The model can be run from the terminal using the run.py
file. The command line interface is defined as follows:
usage: SMT solver: Property Verifications of the k-Means Clustering Algorithm
[-h] [-i NUM_ITERS] [-p NUM_POINTS] [-c NUM_CENTERS] [-g GRID_LIMIT]
[--random_centers] [-prop PROPERTY]
optional arguments:
-h, --help show this help message and exit
-i NUM_ITERS, --num_iters NUM_ITERS
Number of iterations for which to run the algorithm
-p NUM_POINTS, --num_points NUM_POINTS
Number of datapoints to generate
-c NUM_CENTERS, --num_centers NUM_CENTERS
Number of clusters (and therefore, the number of cluster
centers)
-g GRID_LIMIT, --grid_limit GRID_LIMIT
board dimension (each axis goes from -grid_limit to
grid_limit)
--random_centers flag indicating whether or not to random initialize centers
-prop PROPERTY, --property PROPERTY
which property to verify (if any); must be one of
{'EMPTY_CENTER_EACH_ITERATION',
'OVERLAP_CENTER_EACH_ITERATION', 'OVERLAP_CENTER',
'EMPTY_CENTER'}
Therefore, for example, if we wanted to run the model with 15 datapoints, 5 centers, 4 iterations, a grid limit of 6, using random center assignment, and checking for the property where there is an empty center (empty cluster) at the end of the algorithm, we can run this:
python run.py -i 4 -p 15 -c 5 -g 6 --random_centers -prop EMPTY_CENTER
Beyond simply modeling the functioning of the k-means clustering algorithm, our model also allows users to run property verifications on the algorithm. Some of the properties we checked (and were able to find instances in which these conditions were met) were:
EMPTY_CENTER_EACH_ITERATION
: in each iteration of the algorithm, there is at least one center (at least one cluster) which is assigned no datapointsEMPTY_CENTER
: by the end of the algorithm (after the final iteration), there is at least one center (at least one cluster) which is assigned no datapointsOVERLAP_CENTER_EACH_ITERATION
: in each iteration of the algorithm, there are at least 2 centers that are at the same location (overlap)OVERLAP_CENTER
: by the end of the algorithm (after the final iteration), there are at least 2 centers that are at the same location (overlap)

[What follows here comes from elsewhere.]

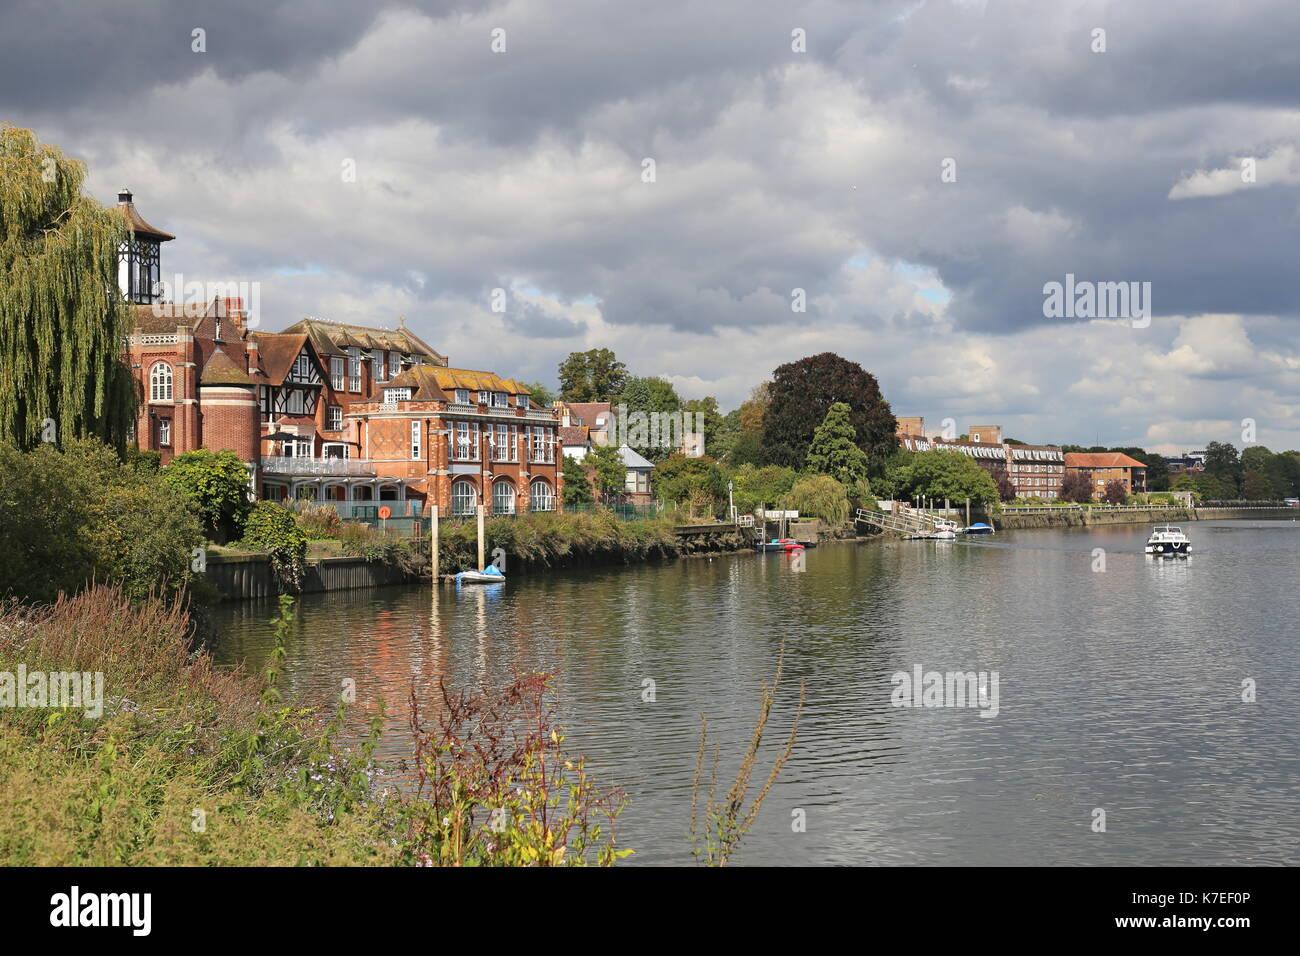 Radnor House School and Thames from Radnor Gardens, Twickenham, London Borough of Richmond upon Thames, England, Great Britain, United Kingdom, Europe - Stock Image

Our model is a faithful representation of the k-means clustering algorithm, meaning we did not make any particular abstraction choices when choosing how to model it as we were able to fully implement it. Because of the nature of z3
, our model sacrificed efficiency and practicality (i.e. it is not compatible with extremely large datasets that one would want to use/train k-means clustering on) for the sake of having the ability to do property verification. Additionally, we also traded off completeness for soundness due to further limitations of z3
. The model is unable to truly search the entire space of instances (meaning we cannot verify completeness) due to issues caused by attempting to perform the algorithm with exclusively z3
variables; however, this was a necessary choice in order for our model to be a sound implementation of k-means, as we were able to resolve it by manually saving the initial z3
variable assigments and performing the calculations based on those for the rest of the algorithm (this was necessary due to the need to compare z3
's ArithRef
values with pythonic int
s). Therefore, if our model generates an instance, that instance will be correct, however, if it says that some set of constraints is unsatisfiable, that isn't necessarily true because the space of instances has not been exhaustively searched.
For the sake of documentation, it is also worth noting that we attempted to implement this algorithm in Forge; however, we quickly realized that the algorithm's reliance on calculations and arithmetic in general meant we would be far more successful (and able to produce larger, more meaningful instances in reasonable amounts of time) if we pivoted to z3
. We have saved our (very limited) Forge work, and it can be found in old_work/kmeans.frg
.
Once an instance is produced by the model, we have code that parses all the variables into usable datasturctures, which are fed to our custom visualization script (in visualizer.py
). This code generates a sequence of graphical plots (one for each iteration of the algorithm) showing the positions of the centers and datapoints. Centers are labeled on the graph as c_{center_num}
and are represented with a light-grey color. Datapoints are labeled with just a single number, which corresponds to the number of the center (cluster) that they are assigned to. Furthermore, each datapoint that is assigned to the same cluster is given the same color (but points assigned to different centers have different colors), which makes it easy to interpret how points are assigned to different clusters (centers) across iterations.
We were able to accomplish all of our Foundation and Target goals set out at the beginning of the project, as we were able to produce a working model of the algorithm that is verifiably correct in its execution, and we built a visualizer that aligns with what our ideal visualization had been. We achieved our target goal of being able to vary over choices of both n (number of data points) and k (number of centers) using a random assignment of centers.
Our reach goals involved trying different kinds of center assignments and to predict how these assignment heuristics impact the algorithm's output. While we didn't quite get to this, we did build an interface through which initial center values can be manually provided. This is currently being used to randomly assign initial center values (since this is how the traditional algorithm operates), however, it can be repurposed to allow any kind of manual center assignment with some trivial changes.